El paraíso antártico amenazado por el turismo

Dicen por ahí que a la Antártida viajan ya más turistas que personal científico. Este, compuesto por mujeres y hombres con grandes recursos científicos, llega allí cargado de interés por conocer más cosas que lleven a entender nuestra vida y a preservar los tesoros que atesora el austral desierto de hielo. A pesar del encomiable valor de lo que hacen, de la relevancia de sus descubrimientos, no tienen el acompañamiento social que se merecen; deben estar perplejos del asalto que se avecina por aquellas tierras. 

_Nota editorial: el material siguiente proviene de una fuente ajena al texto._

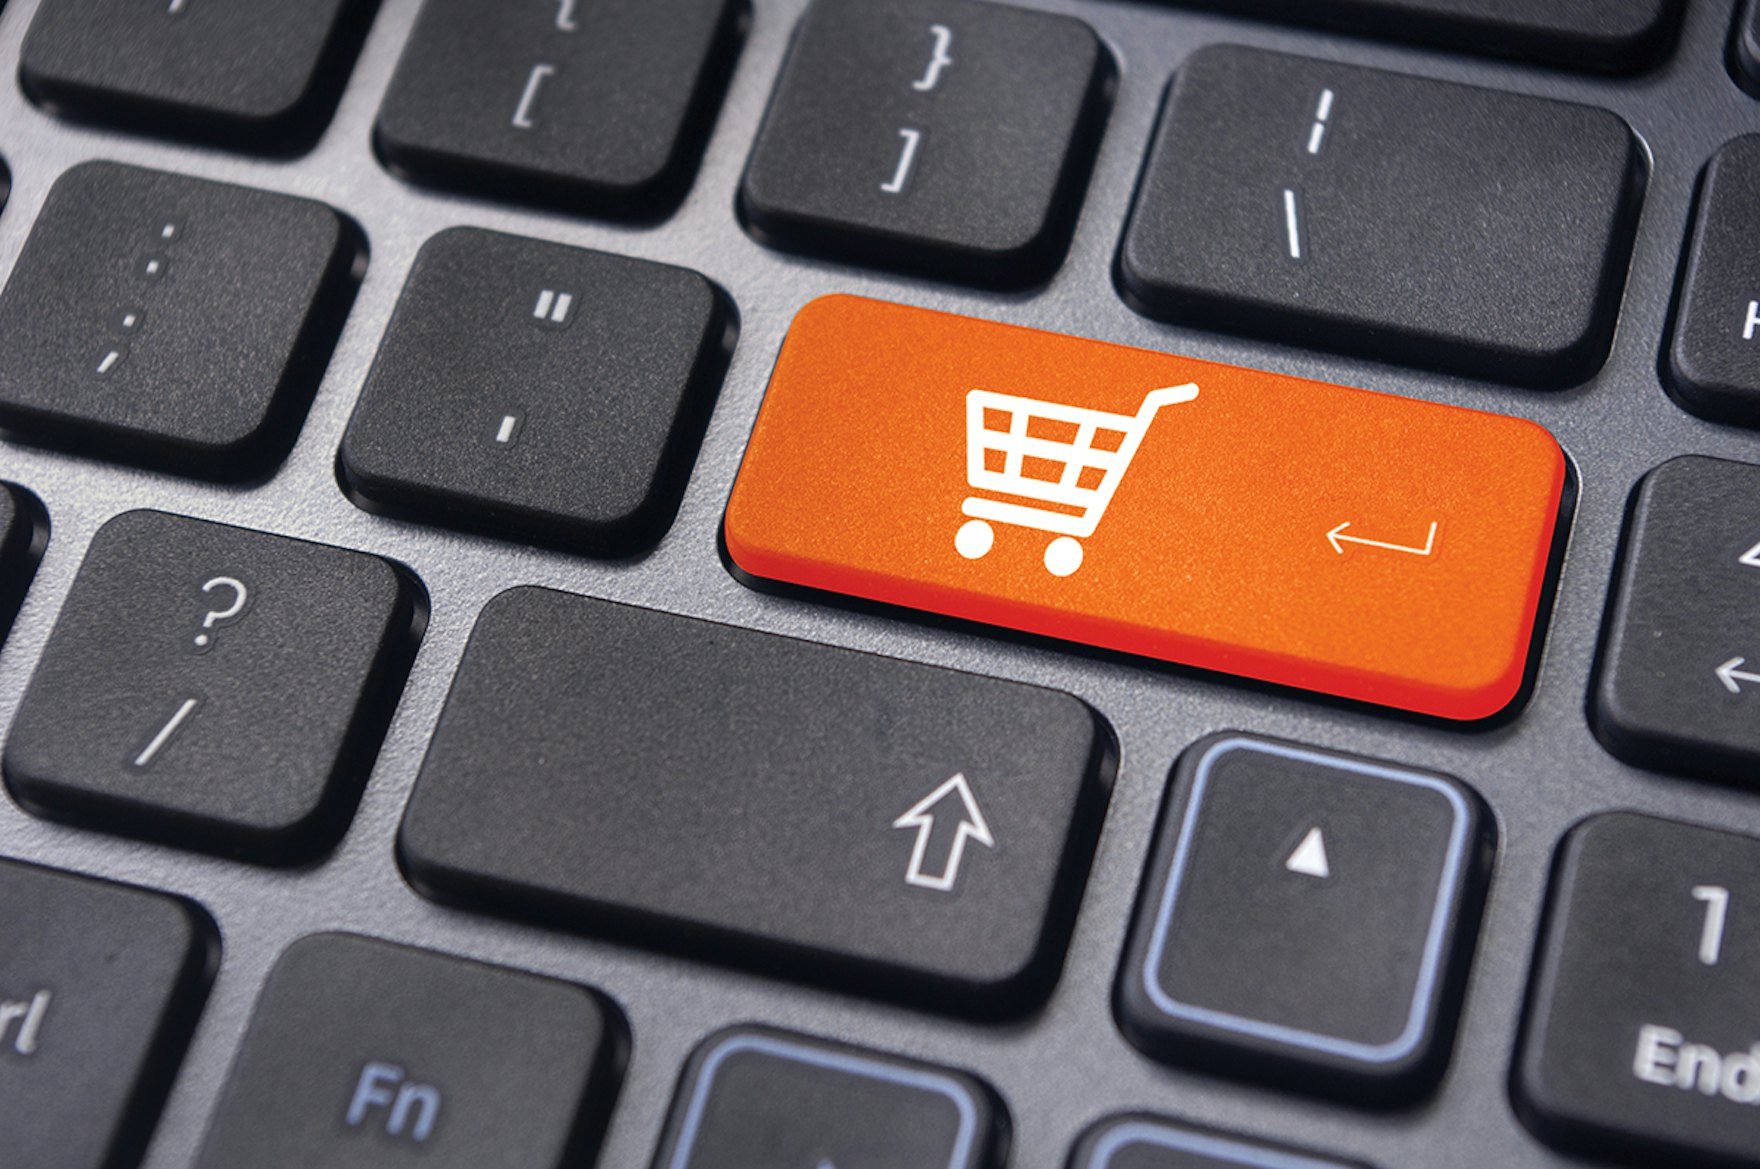 shopping cart image on keyboard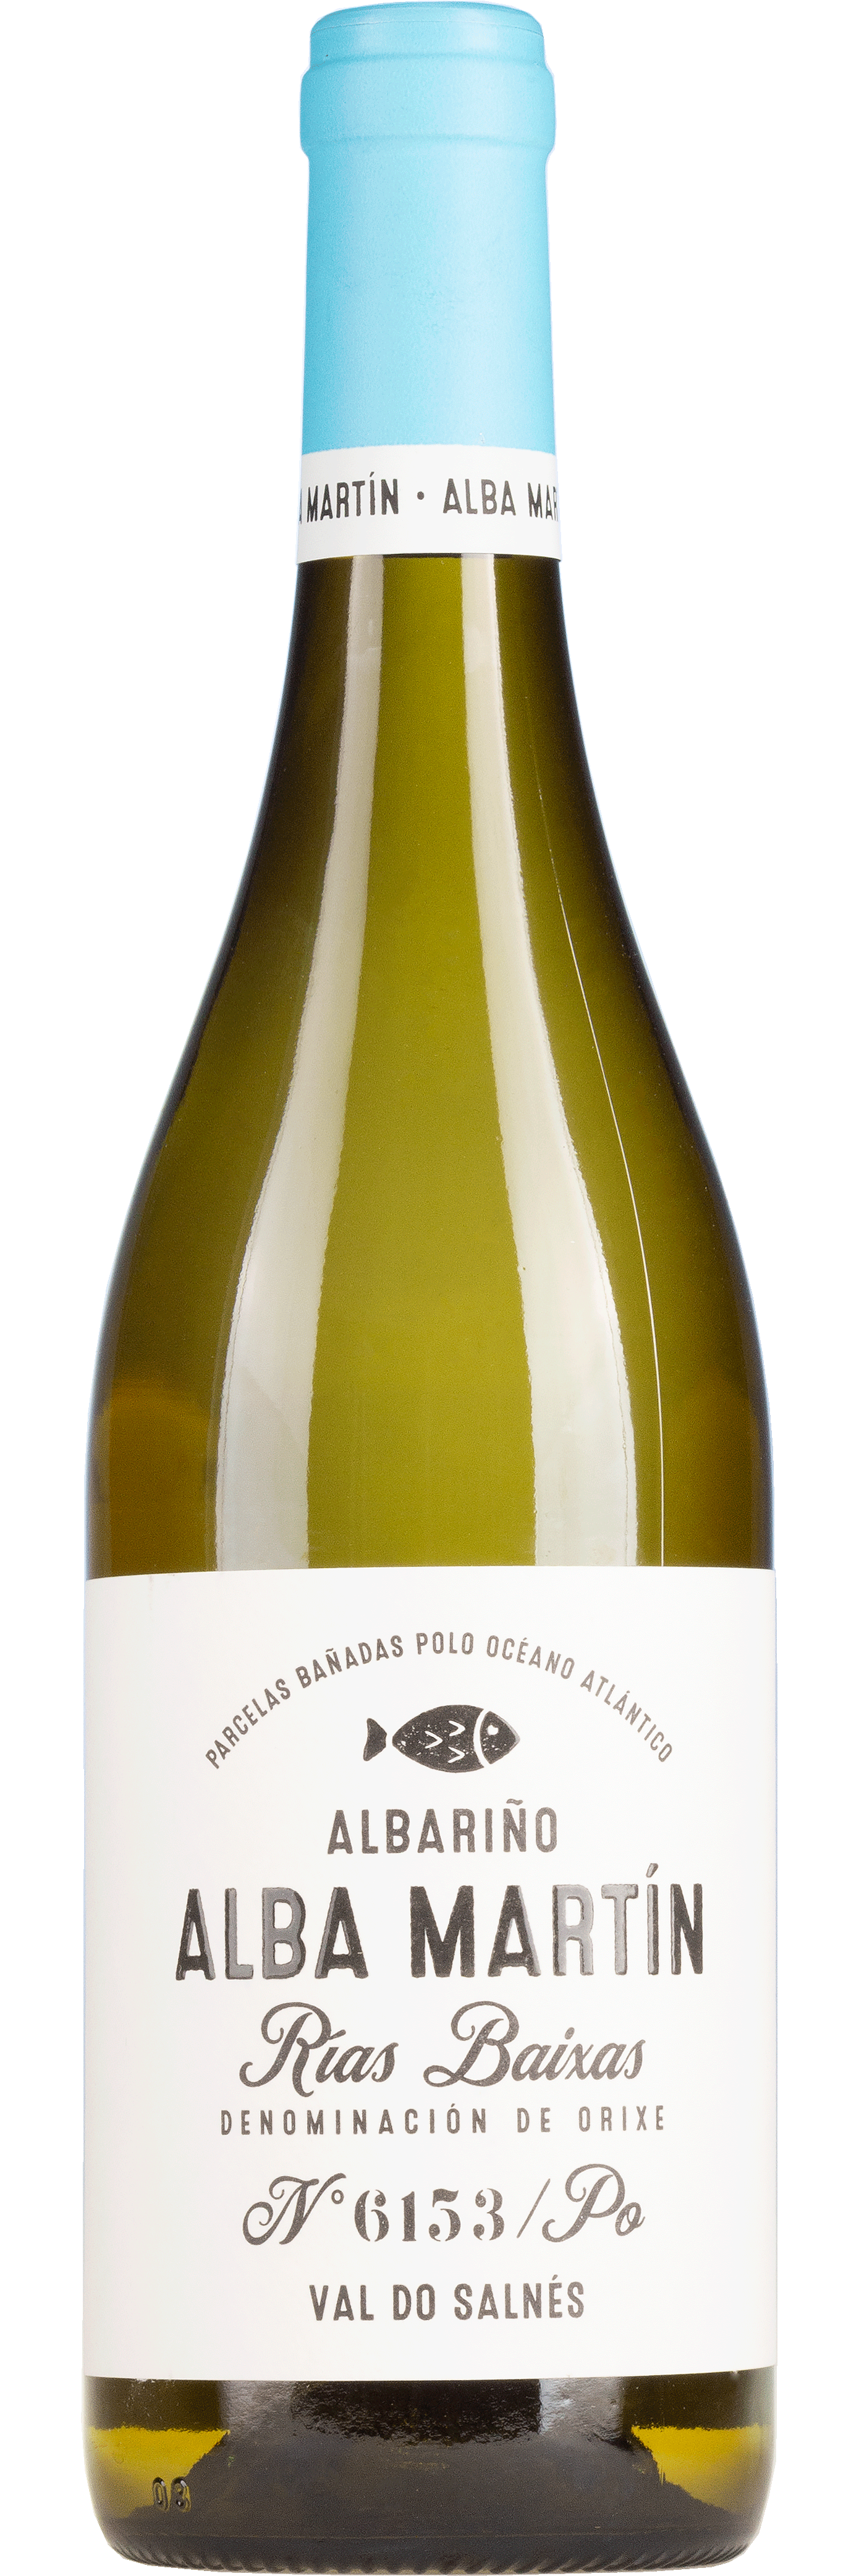 Alba Martin Albarino - Rias Baixas - Weißwein trocken - 0,75l - 12,5% vol.

Para la vorágine comercial, turística y depredadora nada importa; bueno sí, el negocio. Cuentan que durante estos días, medio centenar de países, los que tienen algo que decir en el gobierno de la Antártida, están reunidos en Praga para ponerse de acuerdo en qué hacer y cómo, en la manera de preservar y mejorar el Tratado Antártico, para detener la acelerada pérdida de su masa helada. El turismo masivo lo estropea todo; miren cerca de ustedes y lo comprobarán. Pero claro, el santuario antártico es algo más que un espacio, es un cofre para la investigación y nuestro seguro de vida.

Por eso, únase al grito que desde aquí lanzamos: ¡Fuera el turismo de la Antártida!